NKP base image can be Rocky Linux 9.4 image and is part of NKP Starter license. This image is maintained and supported by Nutanix. The image is updated regularly to include the latest security patches and bug fixes. Customers should not modify the base image.

Using NKP Pro license also offers choice of using Ubuntu 22.04 base image for GPU based workload deployments.

In this section we will go through creating a base image for all the control plane and worker node VMs on Nutanix. We will use the Ubuntu 22.04 image as the base image as we will need GPU support for AI applications. NVIDIA GPU drivers are not yet available for Rocky Linux 9.4 base image.

NKP Cloud Support

For information about other supported operating systems for Nutanix Kubernetes Platform (NKP), see NKP Cloud Support.

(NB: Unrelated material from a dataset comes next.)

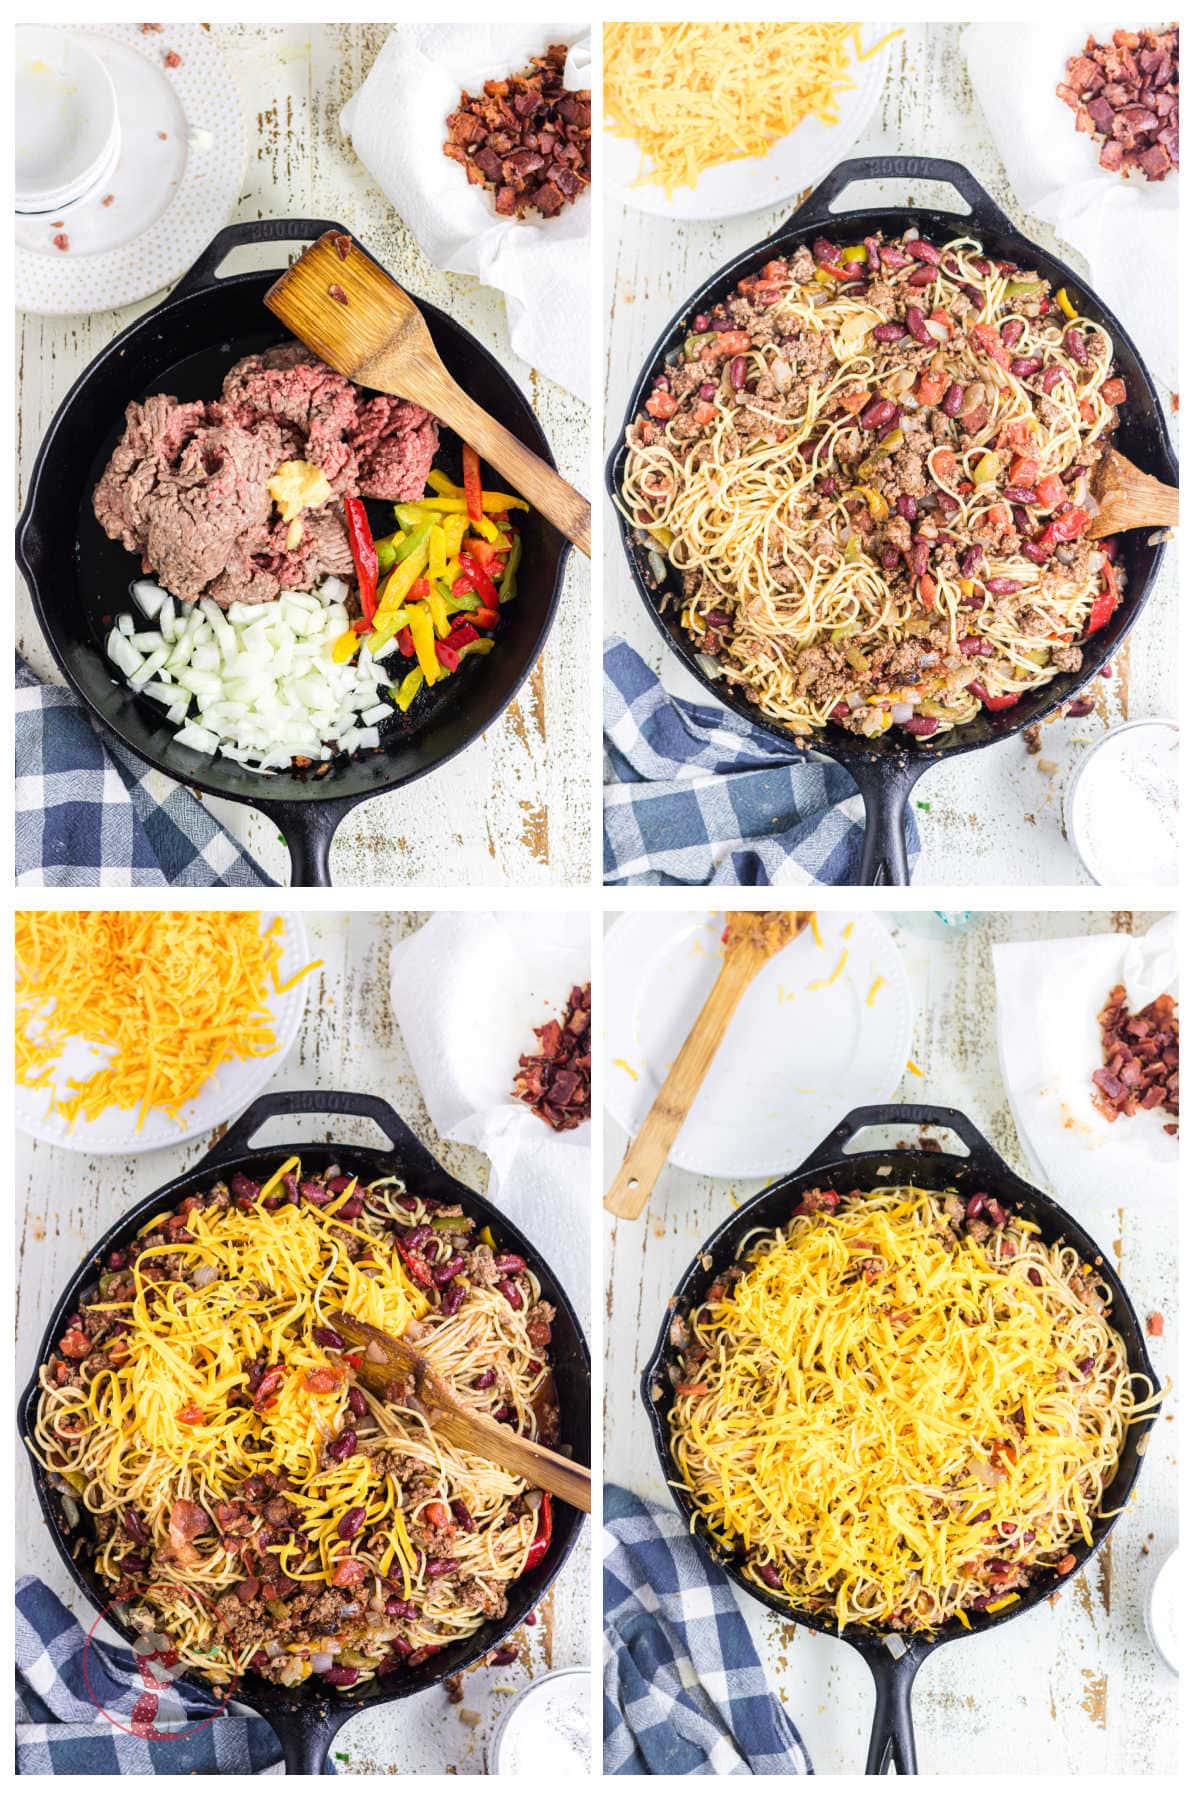 Step by step images showing how to make cowboy spaghetti.

  1. In VSC Explorer pane, Click on New Folder

  2. Call the folder nkp under $HOME directory

  3. In the nkp folder, click on New File and create new file with the following name:

    .env

  4. Run the following command to generate an new RSA key pair on the jumphost VM. This SSH key pair will be used for authentication between the jumphost and NKP K8S cluster nodes.

    Do you have existing SSH key pair?

    Copy the key pair from your workstation (PC/Mac) to ~/.ssh/ directory on your Jumphost VM.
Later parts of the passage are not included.